Boeing‘s (NYSE: BA) new CEO Kelly Ortberg, who relocated to Seattle from Florida upon taking leadership, is planning significant structural changes to downsize the aerospace giant while working to resolve a crippling machinists’ strike that began September 13. Industry insiders have begun considering “previously unthinkable” scenarios, including potential breakup or bankruptcy if the company maintains its current trajectory.
In a recent note to employees, Ortberg emphasized the need for Boeing to reduce its scope and concentrate on core operations. “We need to be clear-eyed about the work we face,” he wrote, indicating the company had spread itself too thin and requires fundamental restructuring.
A tentative agreement reached Saturday between Boeing and its largest union would provide machinists with a 35% raise over four years. The union is set to vote on Wednesday, the same day Ortberg will make his first public comments as CEO since assuming leadership in August.
The company is exploring the sale of various assets to generate essential cash flow while eliminating underperforming divisions. Boeing’s board recently convened at its Arlington headquarters to evaluate each unit’s performance and consider strategic options. The company has already reached an agreement to sell a small defense subsidiary specializing in military surveillance equipment and previously attempted to divest its rocket joint venture with Lockheed Martin.

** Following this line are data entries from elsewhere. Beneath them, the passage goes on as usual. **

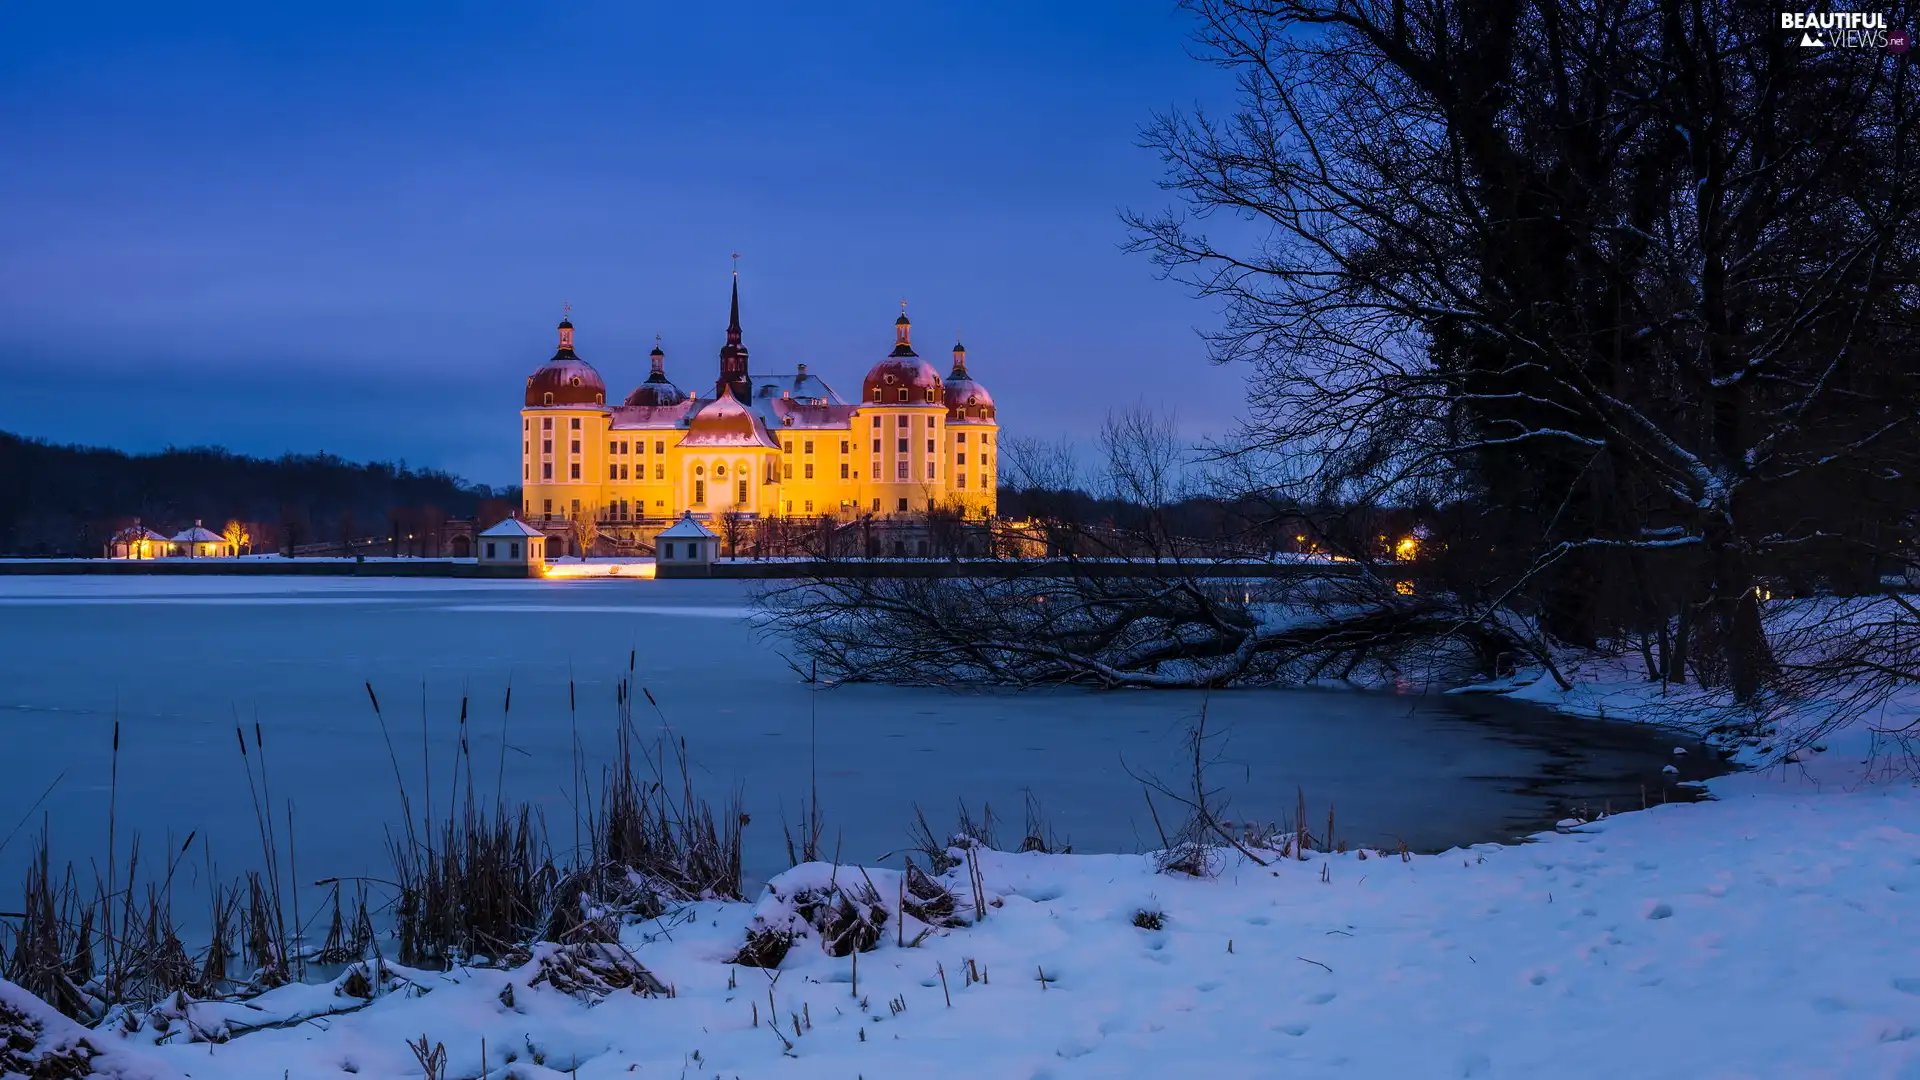 Waldesee Lake, winter, Saxony, Moritzburg Palace, Germany
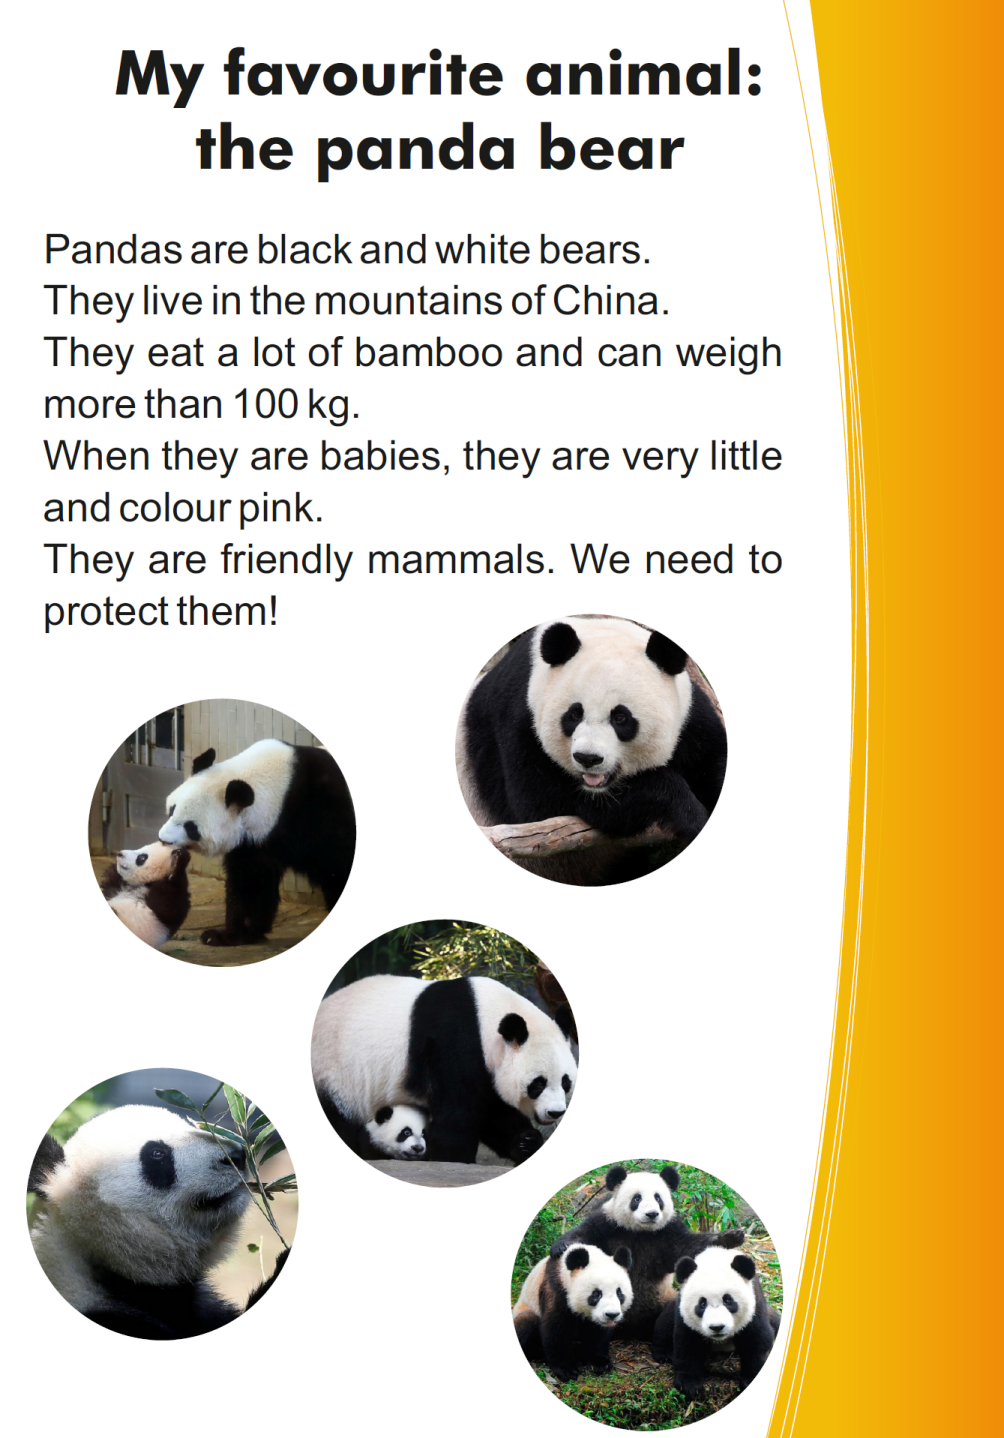 D03 My favourite animal: the panda bear – Proves de comprensió lectora
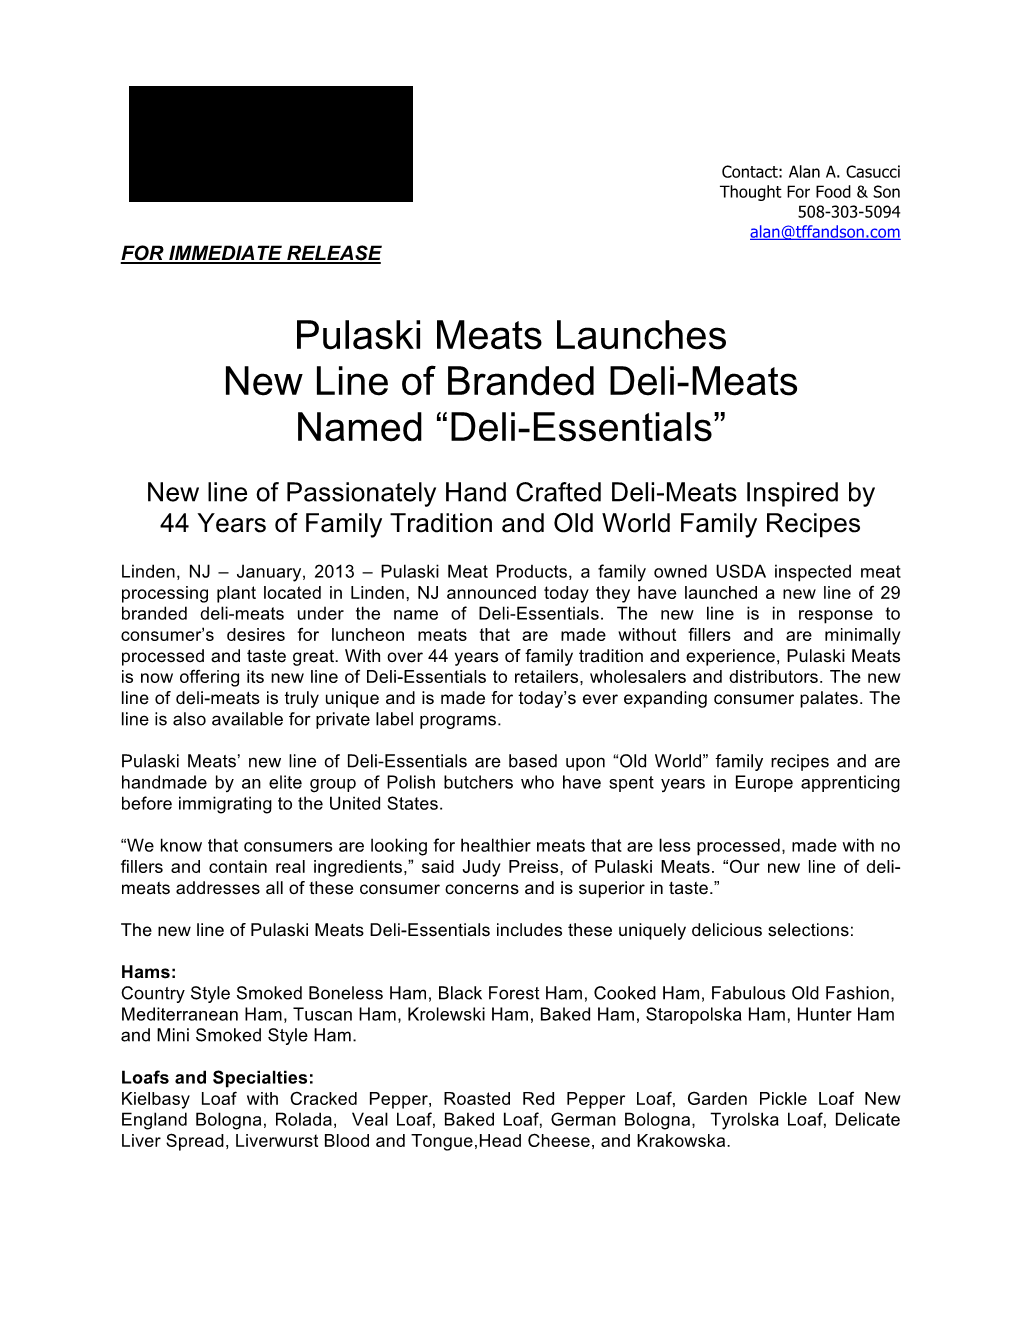 Pulaski Meats Launches New Line of Branded Deli-Meats Named “Deli-Essentials”
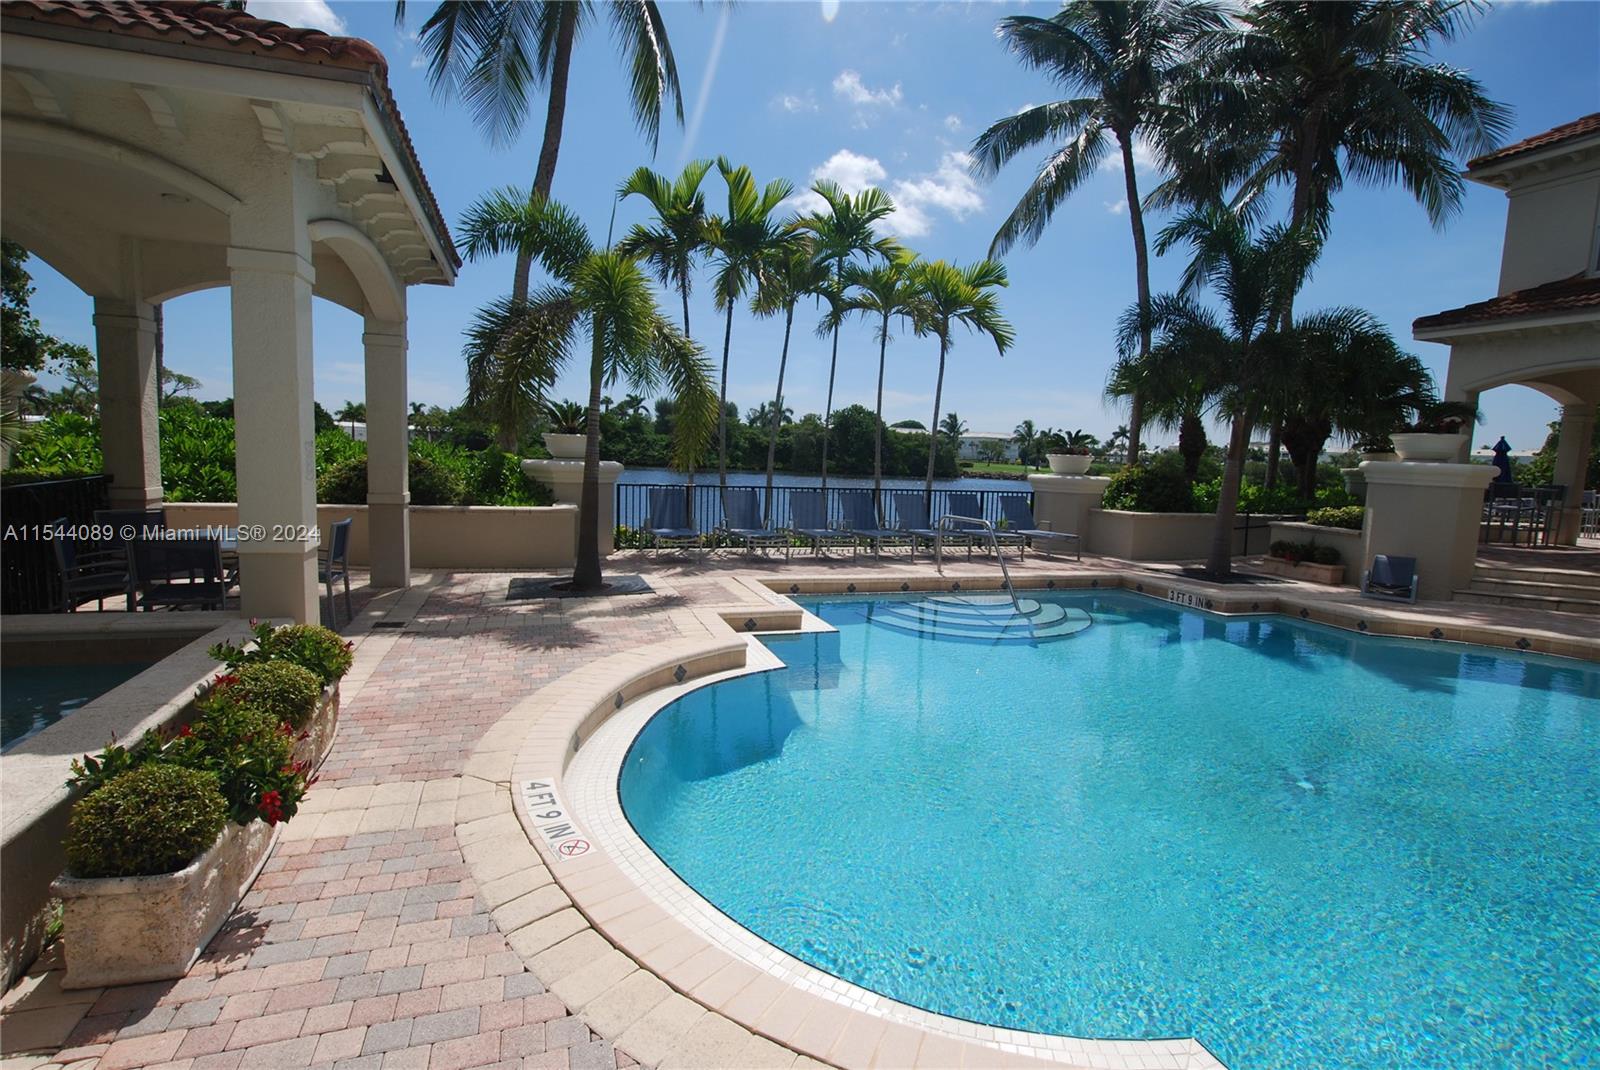 Rental Property at 4111 Tuscany Way Way 4111, Boynton Beach, Palm Beach County, Florida - Bedrooms: 2 
Bathrooms: 2  - $2,600 MO.
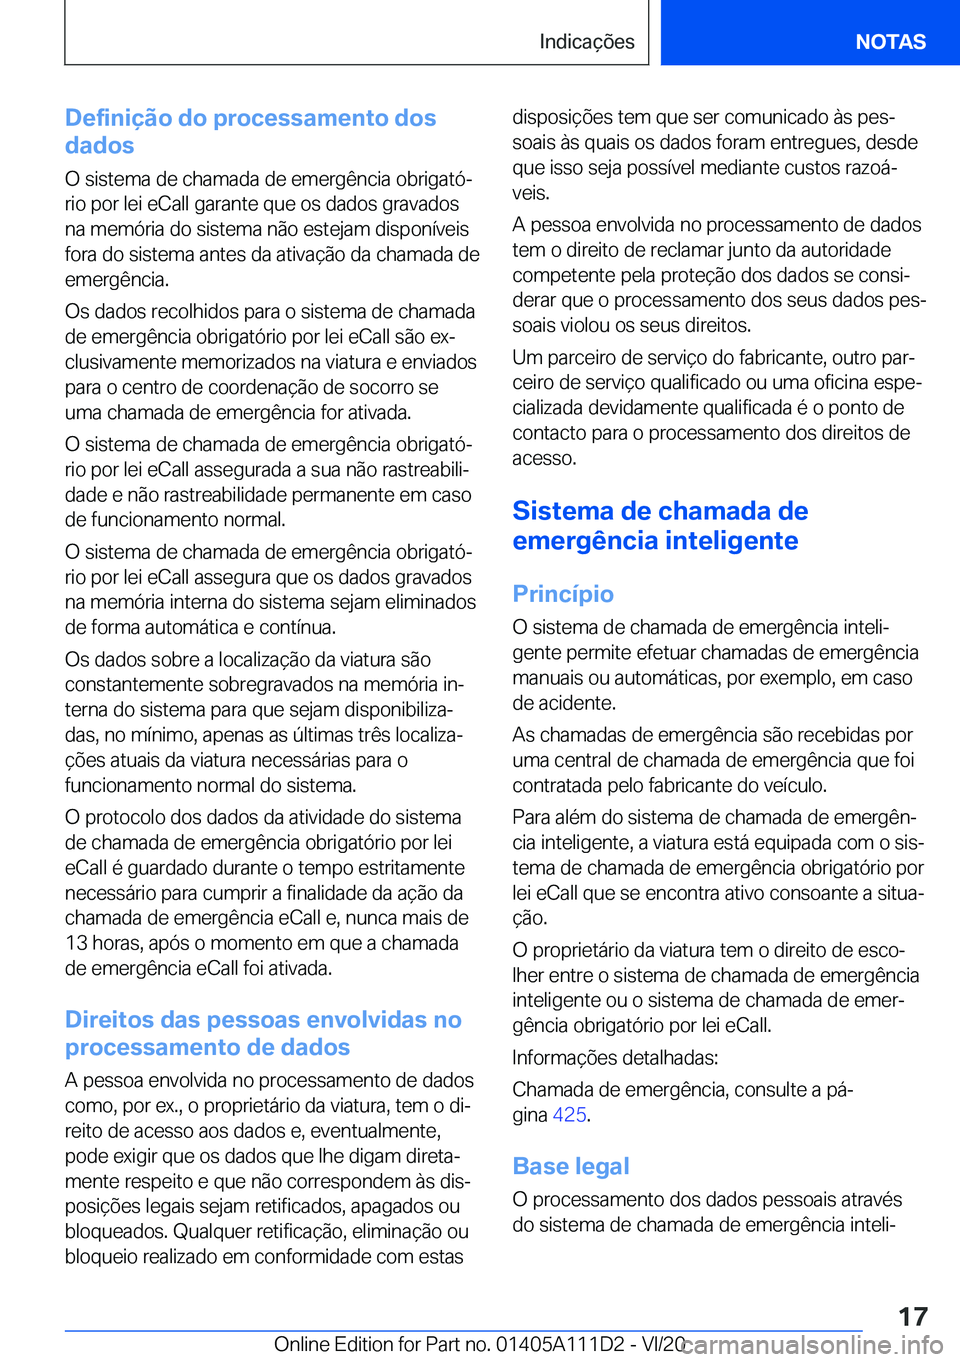 BMW 3 SERIES SEDAN PLUG-IN HYBRID 2021  Manual do condutor (in Portuguese) �D�e�f�i�n�i�

Ortberg is seeking to raise at least $10 billion in cash while implementing widespread job reductions. The company faces immediate challenges, including an expected $6 billion quarterly loss and billions in additional charges. Credit rating firms have warned of possible downgrades to junk status if Boeing doesn’t preserve cash. The ongoing strike costs the company approximately $1 billion monthly.
The CEO’s strategy marks a departure from previous management approaches, earning praise from industry leaders like United Airlines CEO Scott Kirby, who commended Ortberg’s focus on raising equity to stabilize the company rather than pursuing stock buybacks.
Ortberg is also pushing for organizational changes, requiring executives to relocate closer to their operational units, contrasting with former CEO Dave Calhoun’s remote management style from homes in New Hampshire and South Carolina.
The restructuring comes as Boeing faces multiple challenges, including safety concerns following the Alaska Airlines door plug incident, delayed aircraft deliveries, and potential credit rating downgrades to junk status.